==== MATERIAL PROVIDED

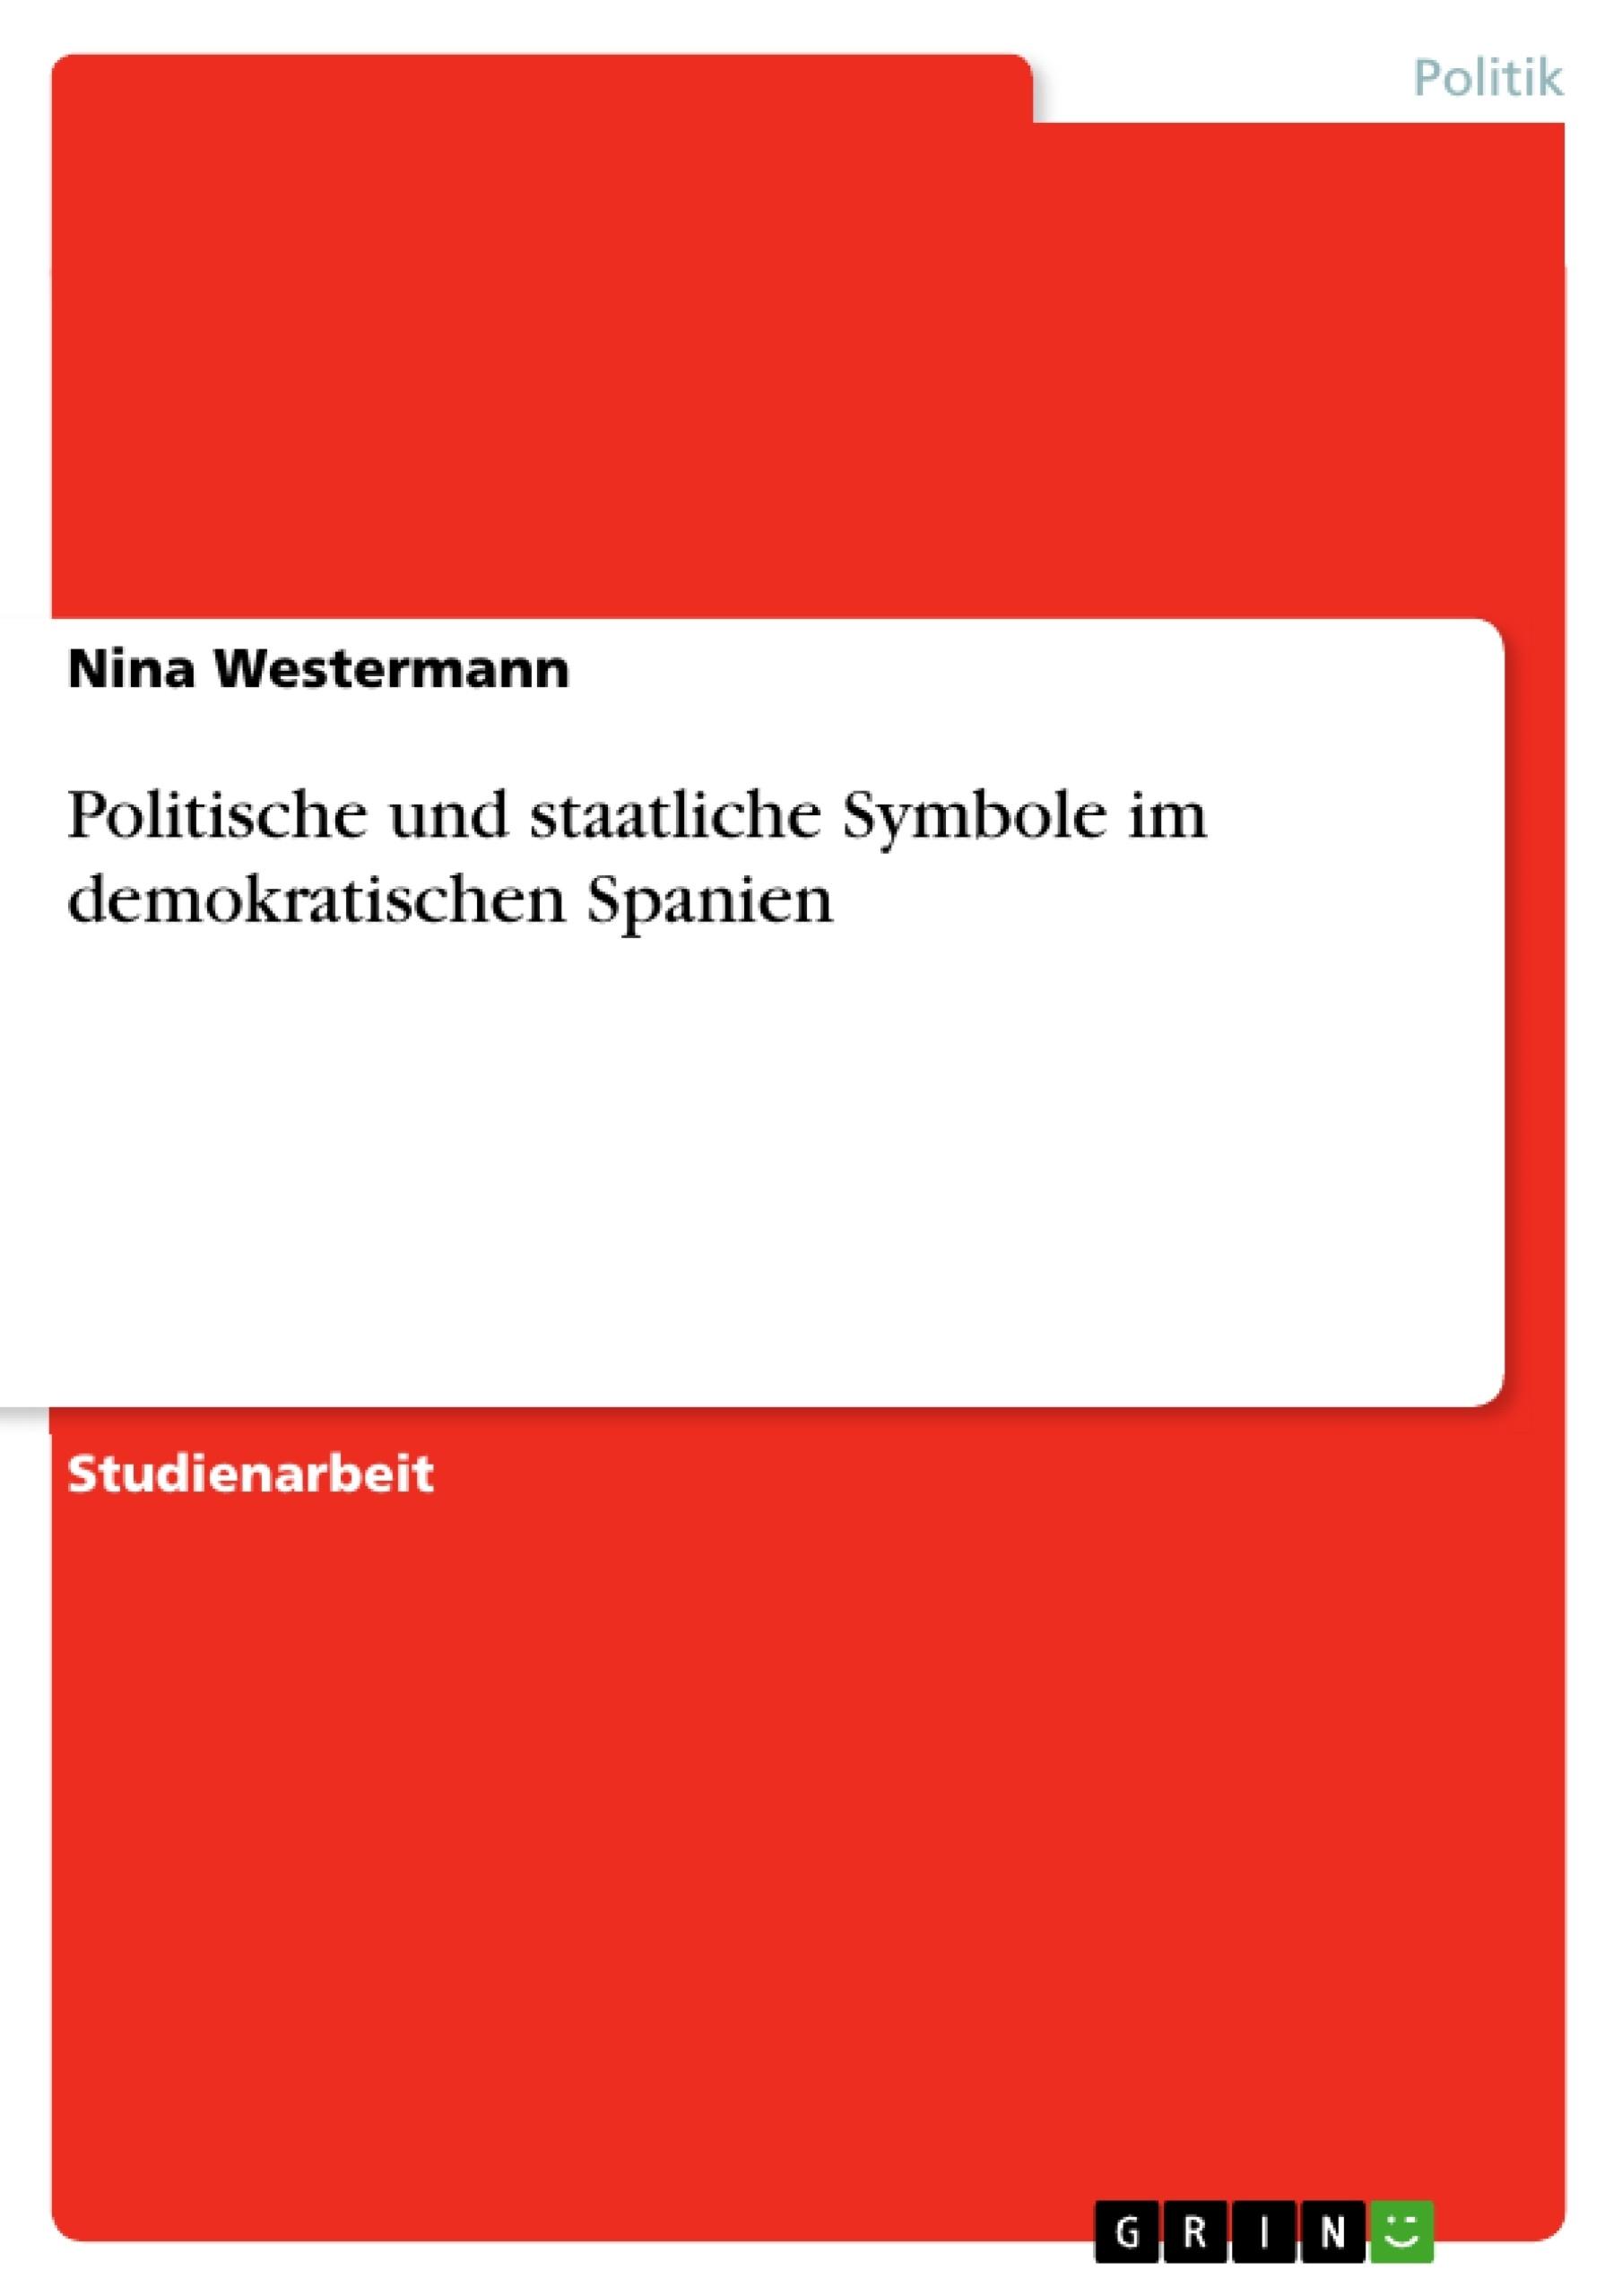 Titel: Politische und staatliche Symbole im demokratischen Spanien
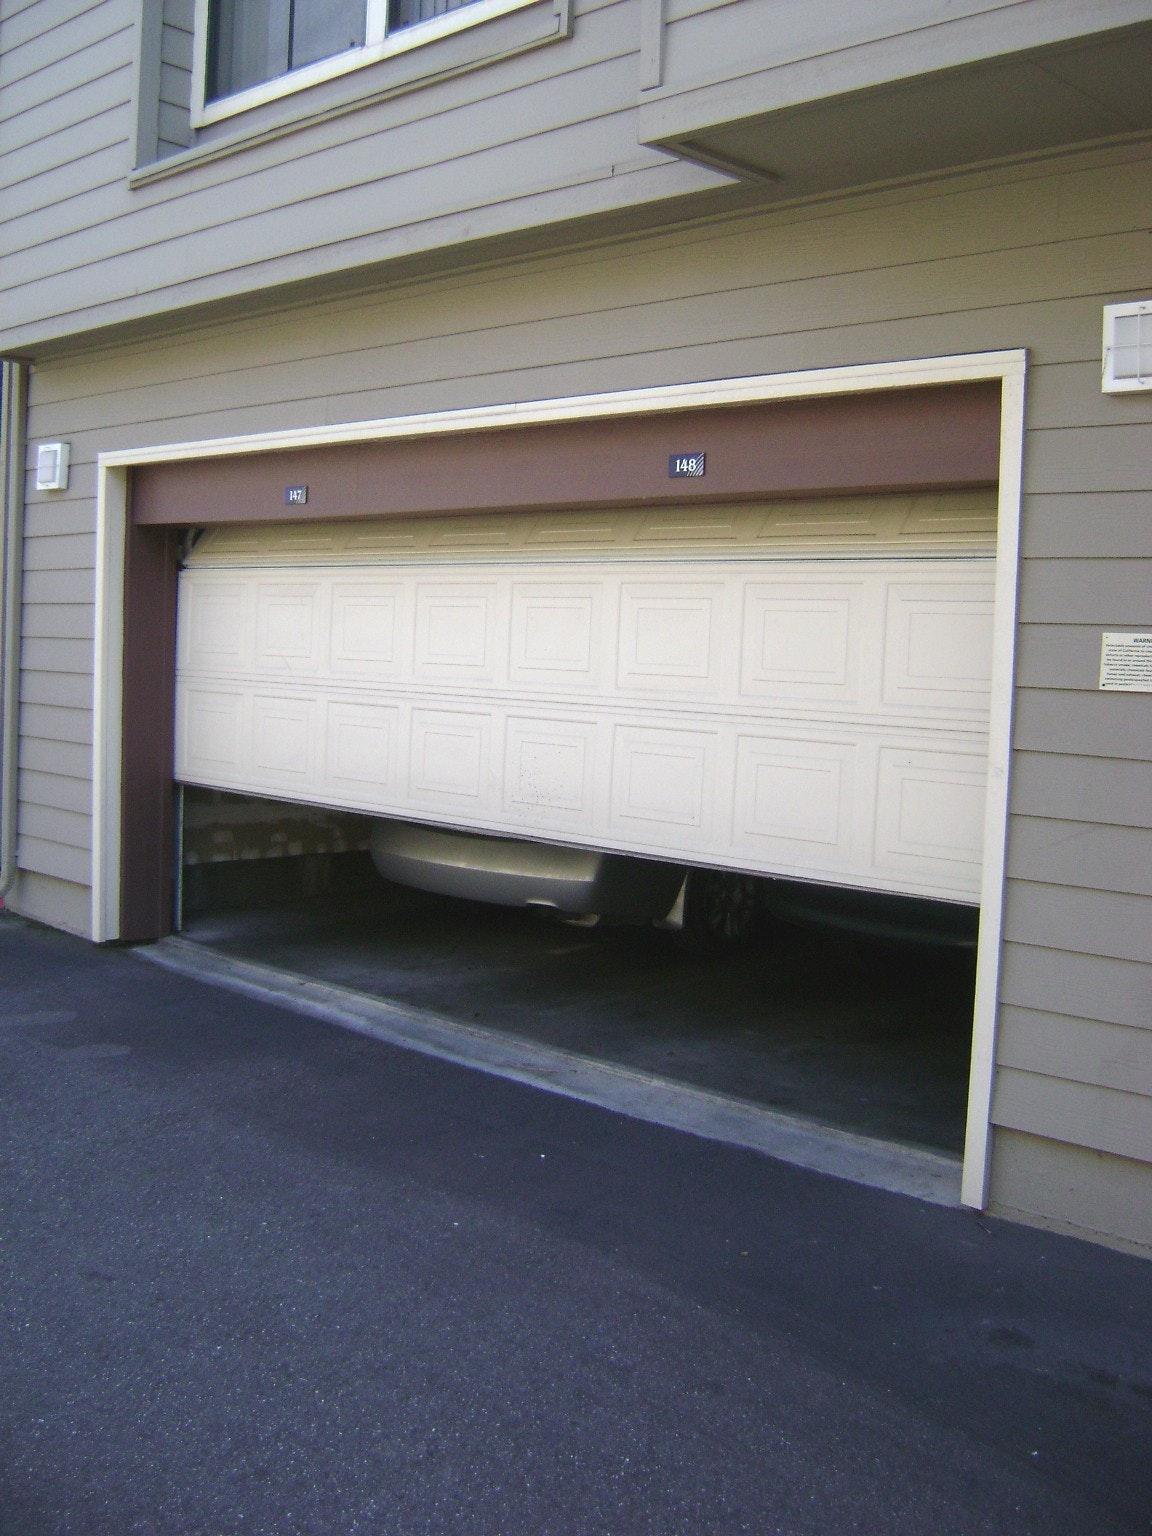 Voice Controlled Garage Door Opener With Alexa
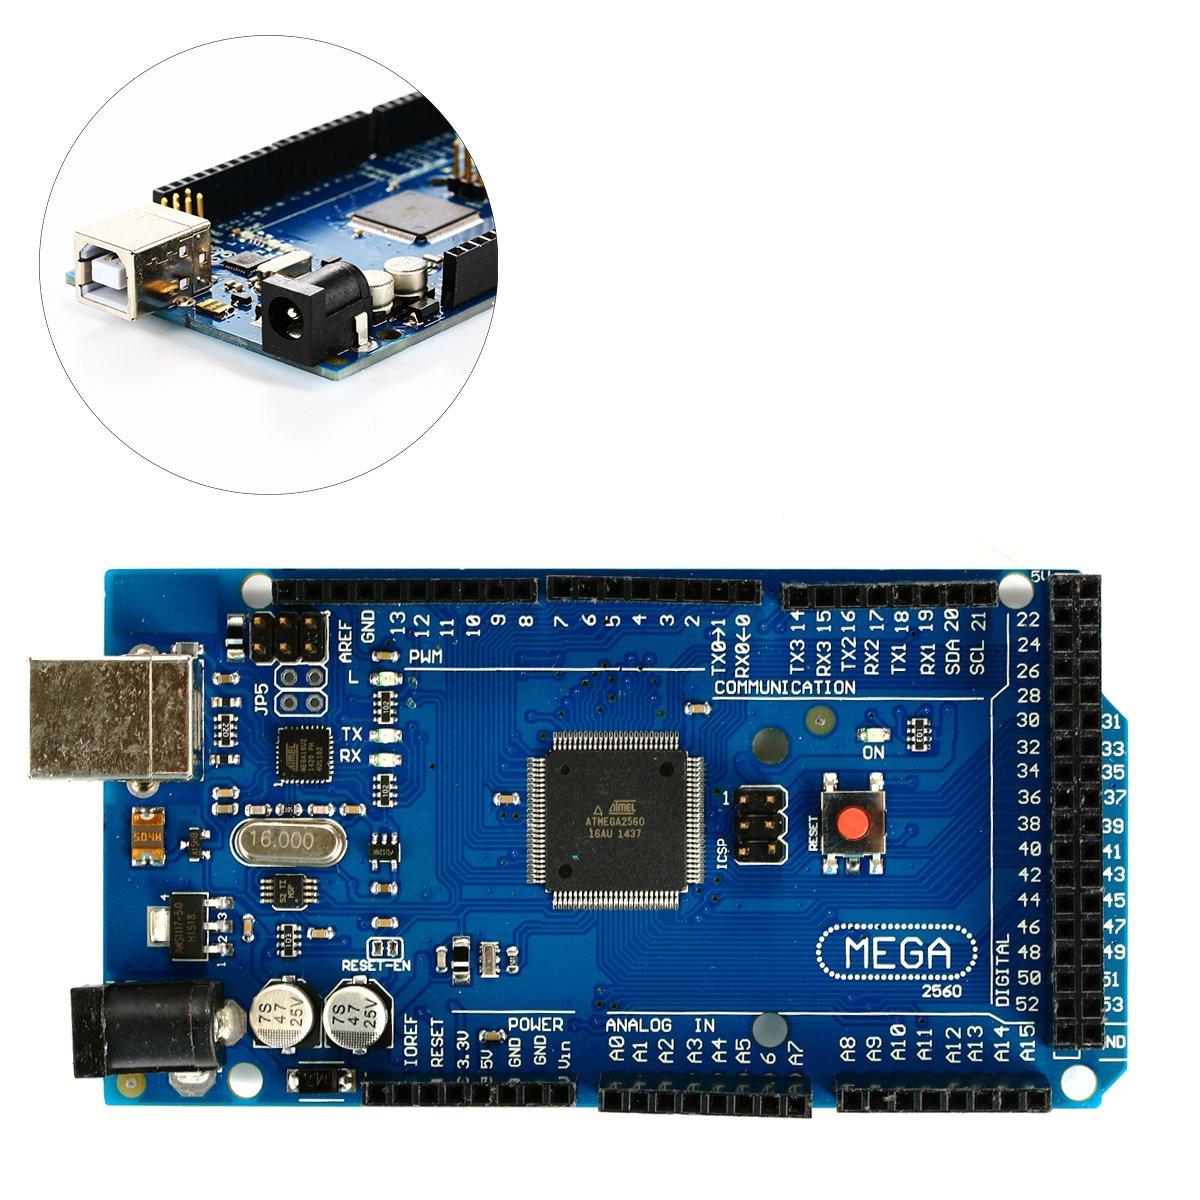 XCSOURCE Rampas 1.4+ A4988 + Mega2560 R3 + LCD 12864 Kit de controlador de la impresora 3D RepRap TE377: Amazon.es: Electrónica
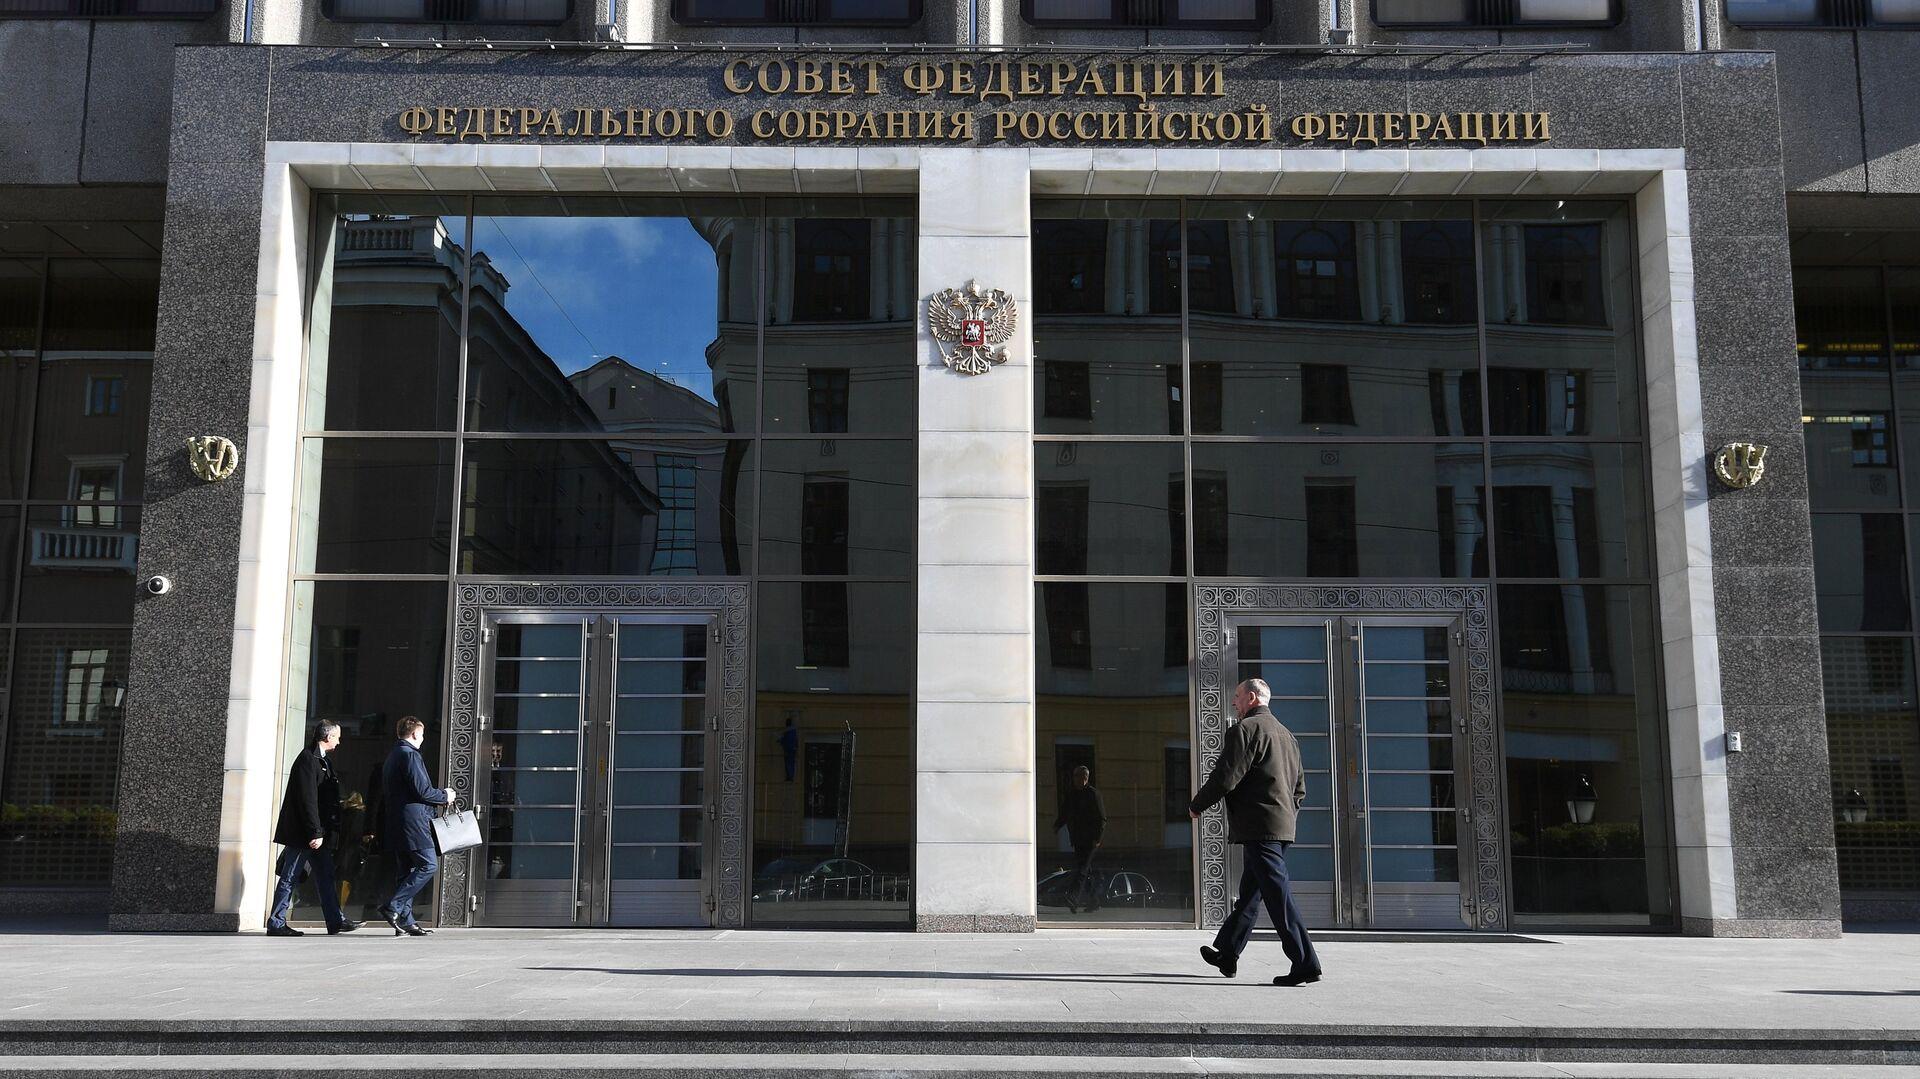 Посетители у здания Совета Федерации РФ - РИА Новости, 1920, 24.09.2020

========

■ **TASK TO COMPLETE**
The copy must match the listing above exactly but contain no pictures.

■ **RESPONSE BELOW**
 Titel: Politische und staatliche Symbole im demokratischen Spanien
 Voice Controlled Garage Door Opener With Alexa
 XCSOURCE Rampas 1.4+ A4988 + Mega2560 R3 + LCD 12864 Kit de controlador de la impresora 3D RepRap TE377: Amazon.es: Electrónica
 Посетители у здания Совета Федерации РФ - РИА Новости, 1920, 24.09.2020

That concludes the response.